Built on trust, secured by design
Your people's data is the most sensitive data there is. We care about protecting it, we comply with the standards that govern it, and we are formalising every certification along the way.
Standards we comply with
A layered set of compliance and security commitments across our team, our suppliers, and the product itself.
GDPR — Team & Suppliers
Full GDPR compliance applied uniformly across our own team and every contracted sub-processor, with DPAs in place and equivalent obligations cascaded down.
EU AI Act
Adaptive Leadbacker Intelligence (ALI) is designed to meet the EU AI Act — transparent, auditable, and operating within documented boundaries.
Standard Contractual Clauses
EU Standard Contractual Clauses are in place for any data transfer involving processors outside the EEA, ensuring lawful cross-border data flows.
ISO 27001
Our information security management is aligned to ISO 27001 controls, with formal certification work currently in progress.
Anonymity by design
A configurable multi-threshold (minimum 3 responses by default) ensures feedback can never be traced back to an individual.
EU-based hosting
Data is processed and stored within EU-based infrastructure, keeping it inside European data-protection jurisdiction.
How we protect your data
The technical and organisational measures that sit behind every Leadbacker workspace.

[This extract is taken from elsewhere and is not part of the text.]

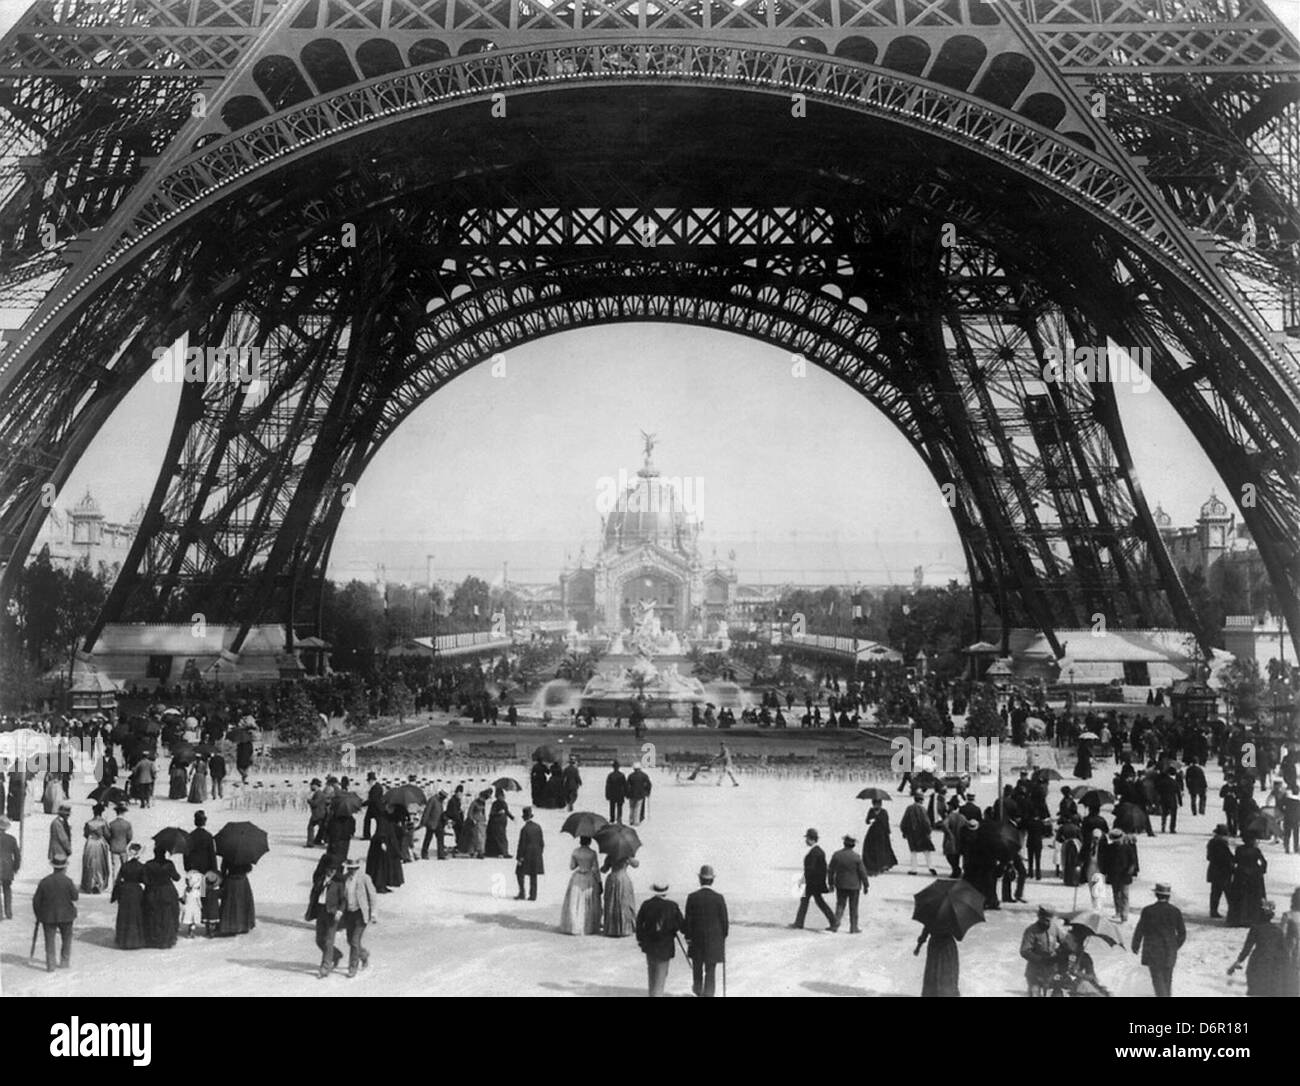 Exposition de Paris, vue du sol au niveau de la Tour Eiffel avec parisiens promenading, 1889 Banque D'Images

Encryption in transit & at rest
All traffic is encrypted with TLS and data is encrypted at rest.
Role-based access control
Granular, role-based permissions ensure people only see what they are entitled to.
Anonymity thresholds
Configurable response thresholds protect individual identities in every result.
EU infrastructure
Hosted on hardened, EU-based infrastructure with isolation between workspaces.
Backups & recovery
Regular encrypted backups support reliable recovery and business continuity.
Audit logging
Security-relevant events are logged to support traceability and accountability.